Output, word for word, the line that contains "Floor plan. (A" and all lines following it to the end of the listing. Drop the pictures.

#### [Raw data]
================================
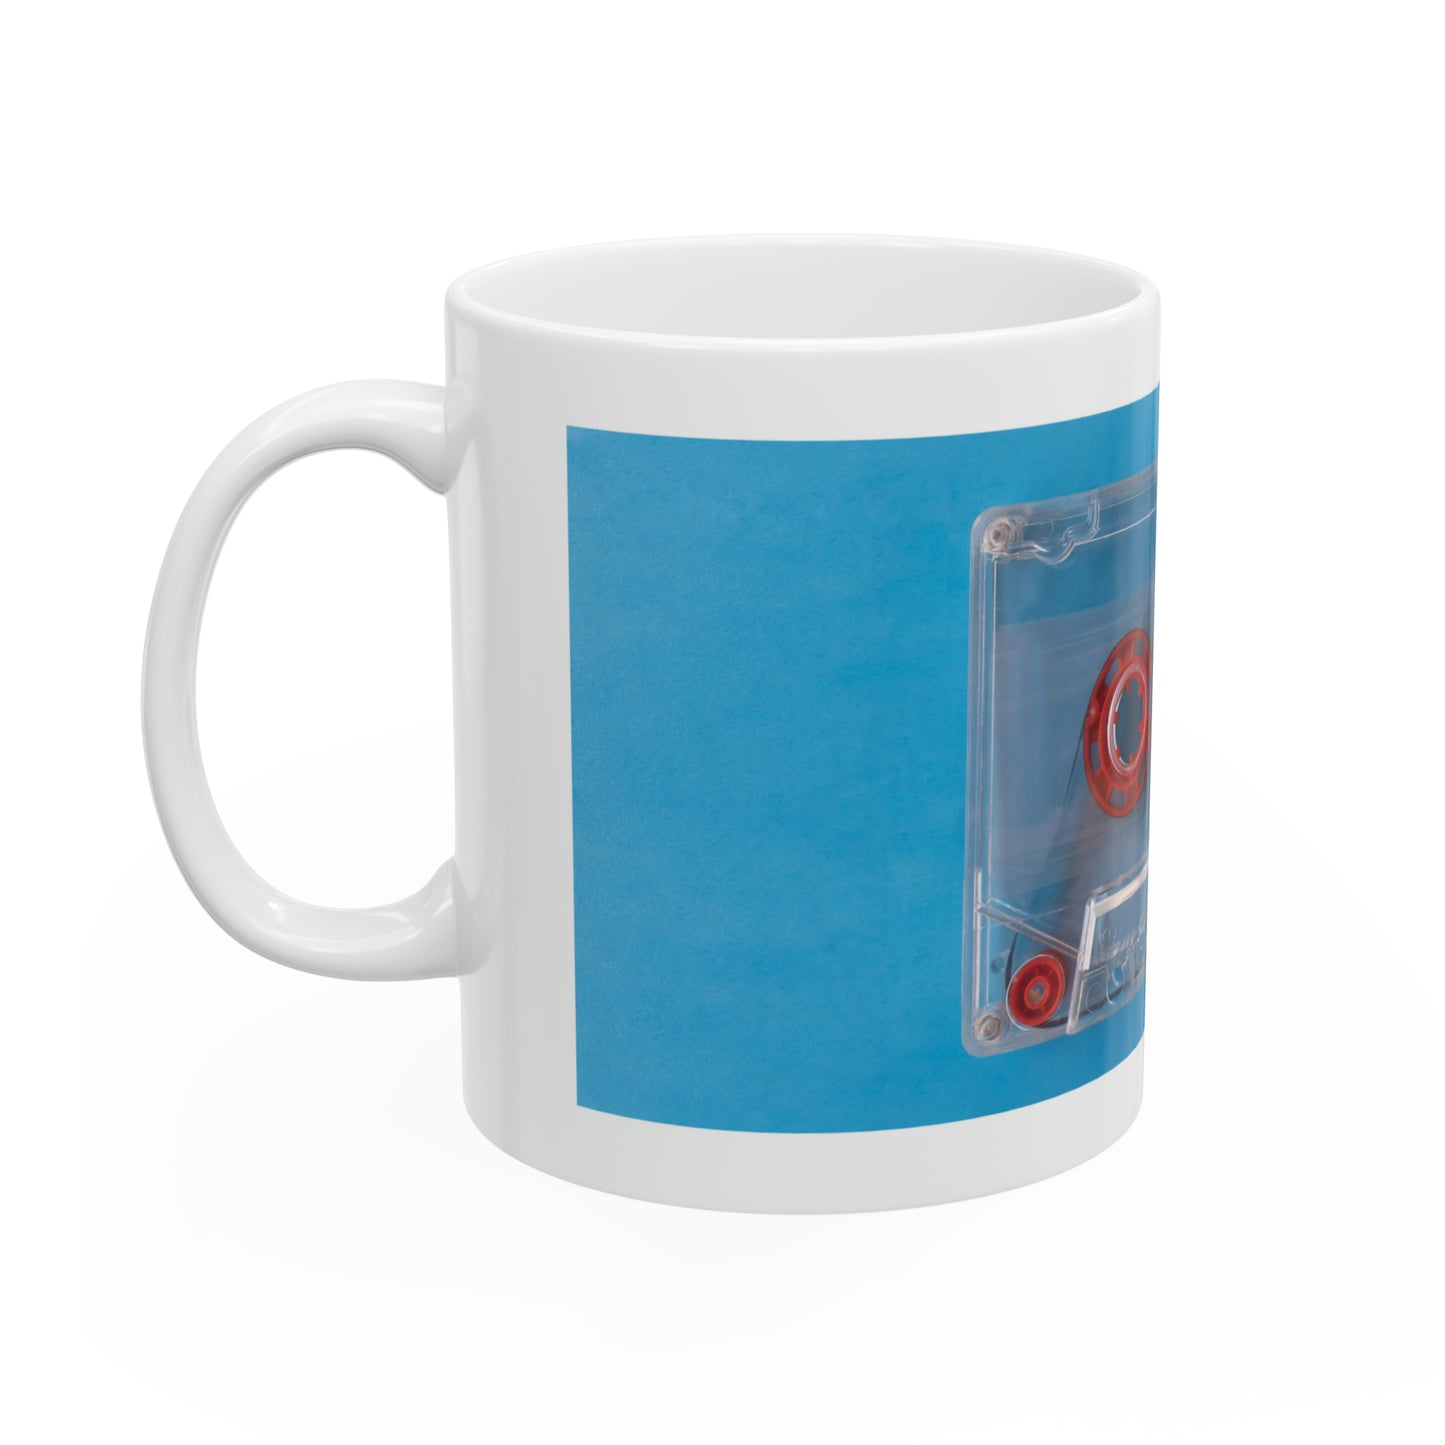 Retro Blue - Ceramic Mug 11oz
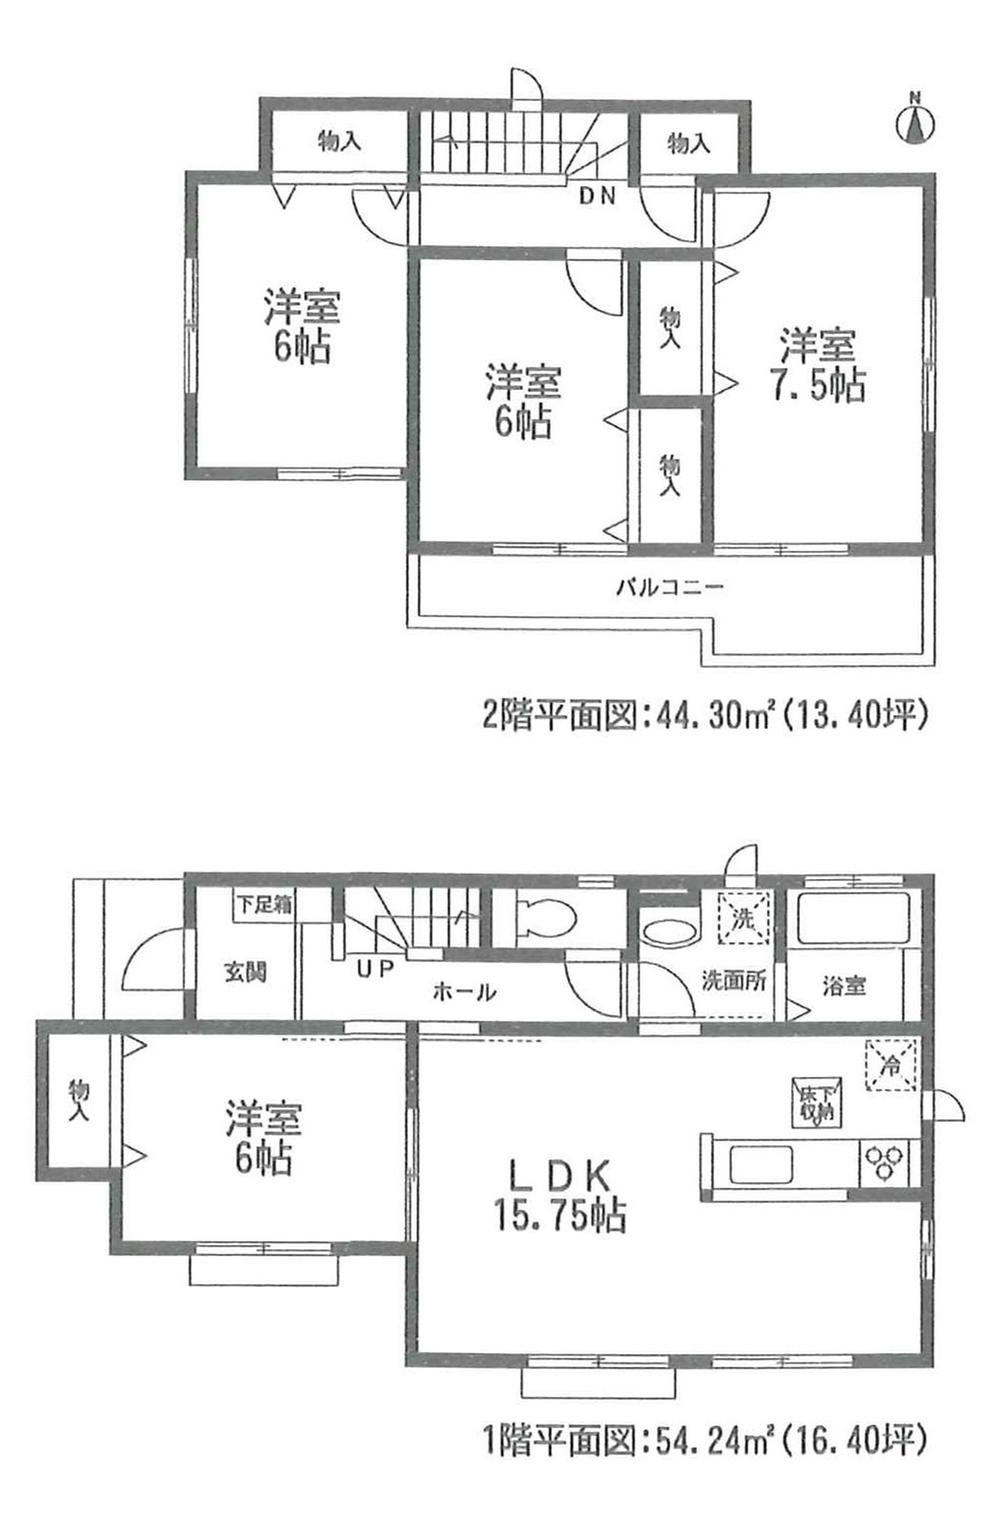 Floor plan. (A Building), Price 22,800,000 yen, 4LDK, Land area 139.91 sq m , Building area 98.54 sq m
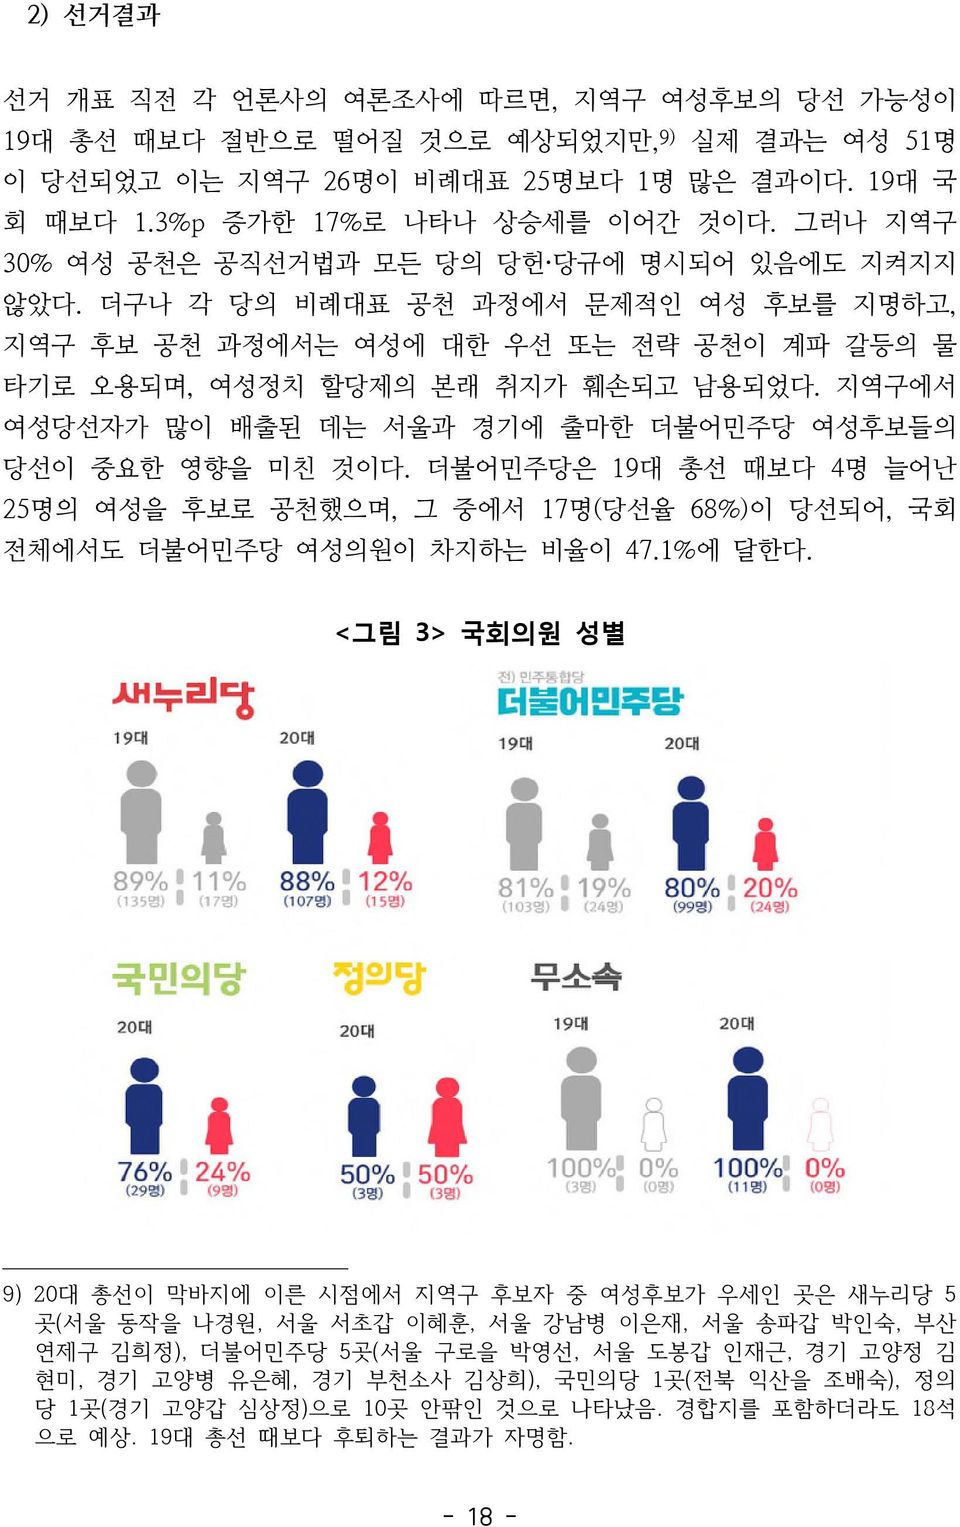 지역구에서 여성당선자가 많이 배출된 데는 서울과 경기에 출마한 더불어민주당 여성후보들의 당선이 중요한 영향을 미친 것이다. 더불어민주당은 19대 총선 때보다 4명 늘어난 25 명의 여성을 후보로 공천했으며, 그 중에서 17 명( 당선율 68%) 이 당선되어, 국회 전체에서도 더불어민주당 여성의원이 차지하는 비율이 47.1% 에 달한다.
================================
#### [Solution]
 Floor plan. (A Building), Price 22,800,000 yen, 4LDK, Land area 139.91 sq m , Building area 98.54 sq m
 지역구에서 여성당선자가 많이 배출된 데는 서울과 경기에 출마한 더불어민주당 여성후보들의 당선이 중요한 영향을 미친 것이다. 더불어민주당은 19대 총선 때보다 4명 늘어난 25 명의 여성을 후보로 공천했으며, 그 중에서 17 명( 당선율 68%) 이 당선되어, 국회 전체에서도 더불어민주당 여성의원이 차지하는 비율이 47.1% 에 달한다.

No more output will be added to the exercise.